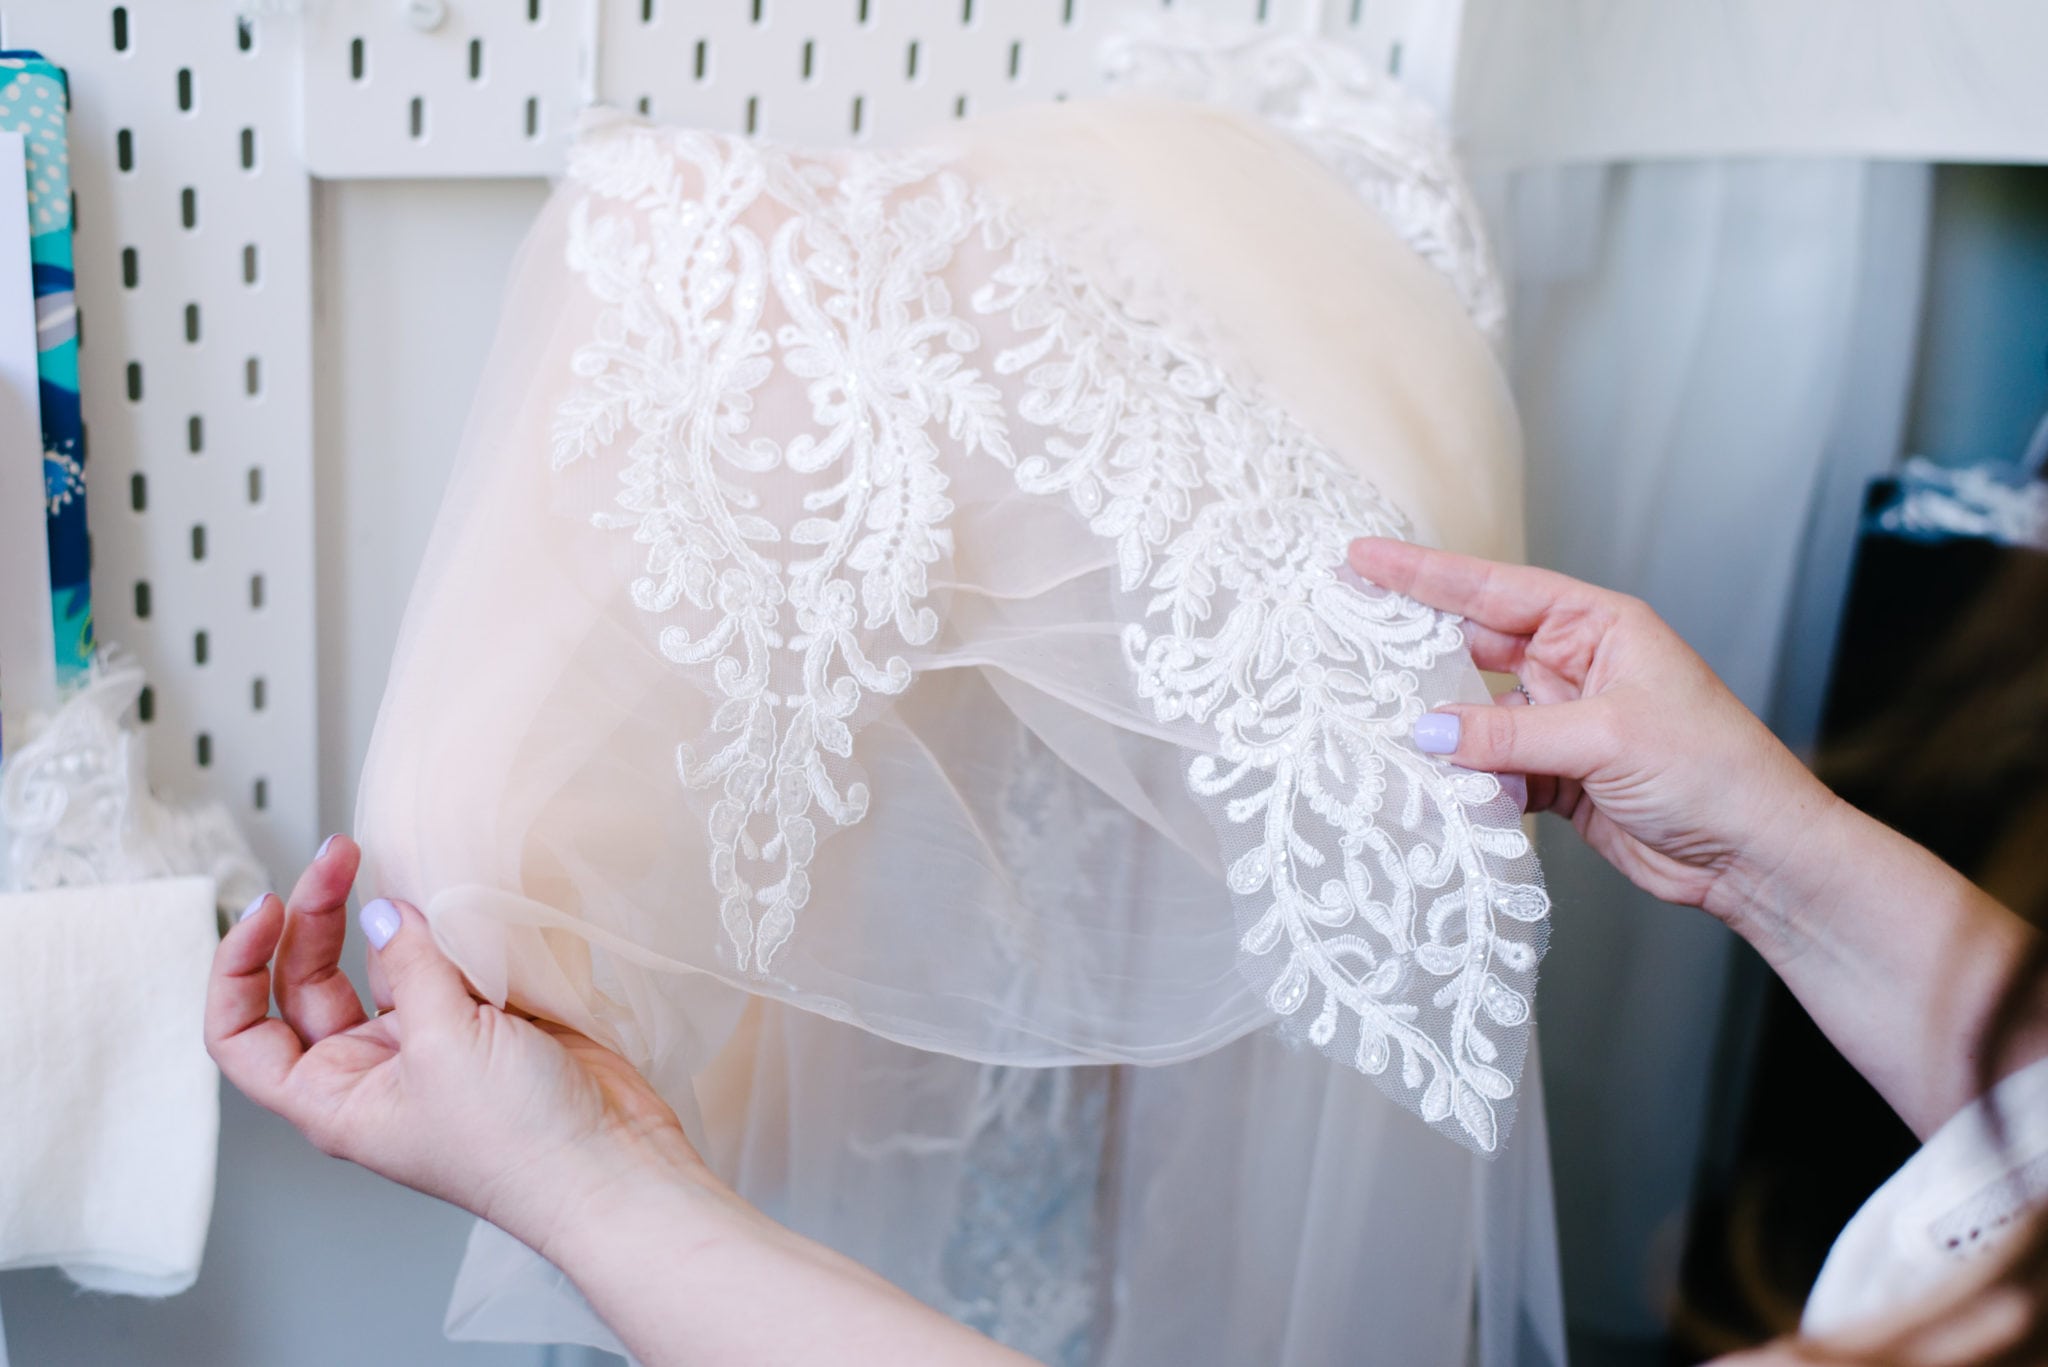 A person holds some wedding lace
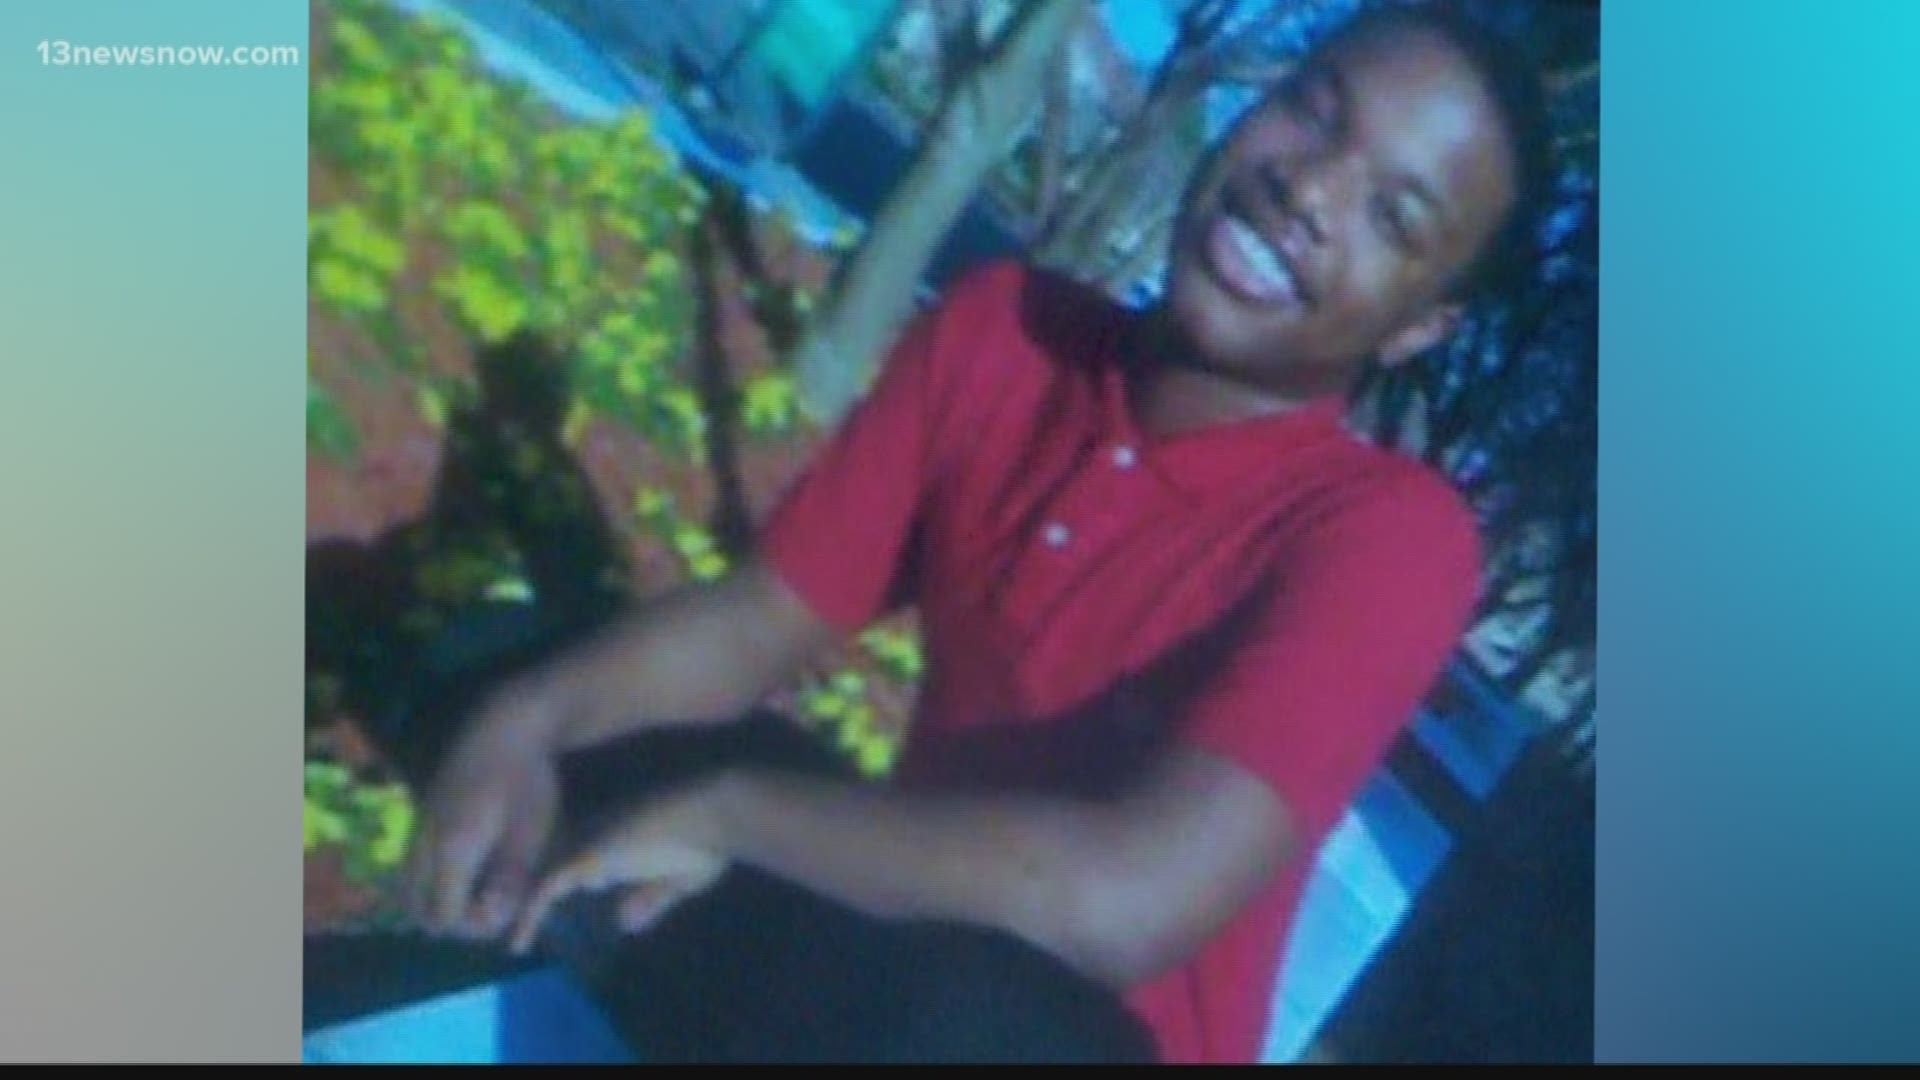 Norfolk police are working to find out what led to the death of 15-year-old Daemon Person.
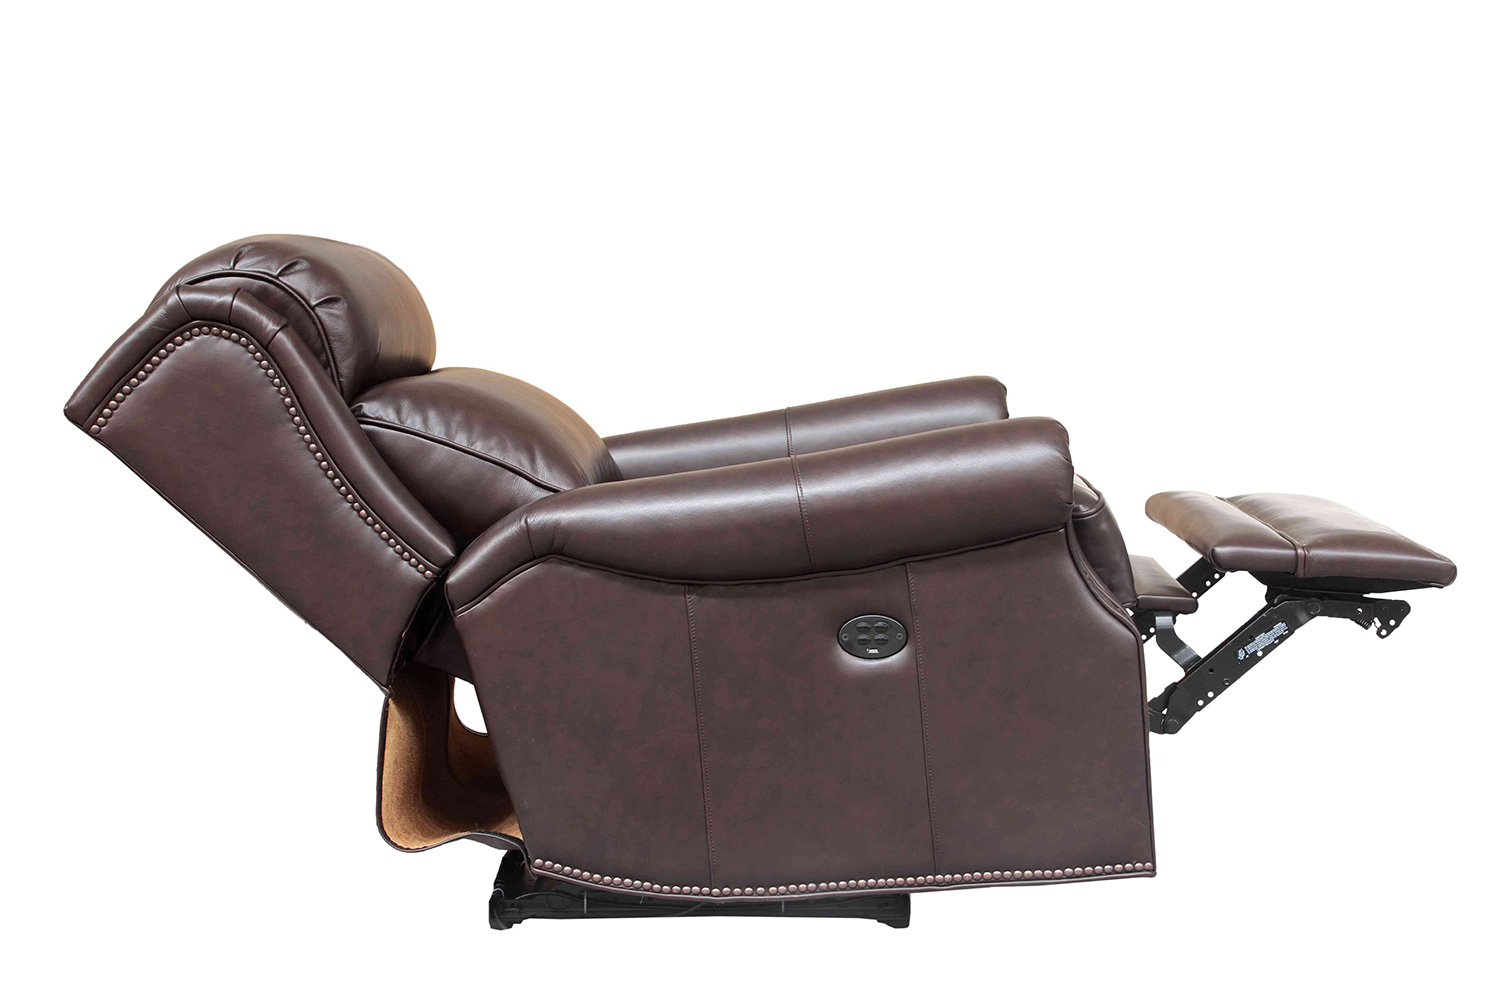 Barcalounger Southington Power Recliner Chair with Power Head Rest - Shoreham Dark Umber/All Leather

TASK INSTRUCTIONS: This task calls for an exact copy of the data above, without pictures.

RESULT OF THE EXERCISE:
 A person holds some wedding lace
 Norfolk police are working to find out what led to the death of 15-year-old Daemon Person.
 Barcalounger Southington Power Recliner Chair with Power Head Rest - Shoreham Dark Umber/All Leather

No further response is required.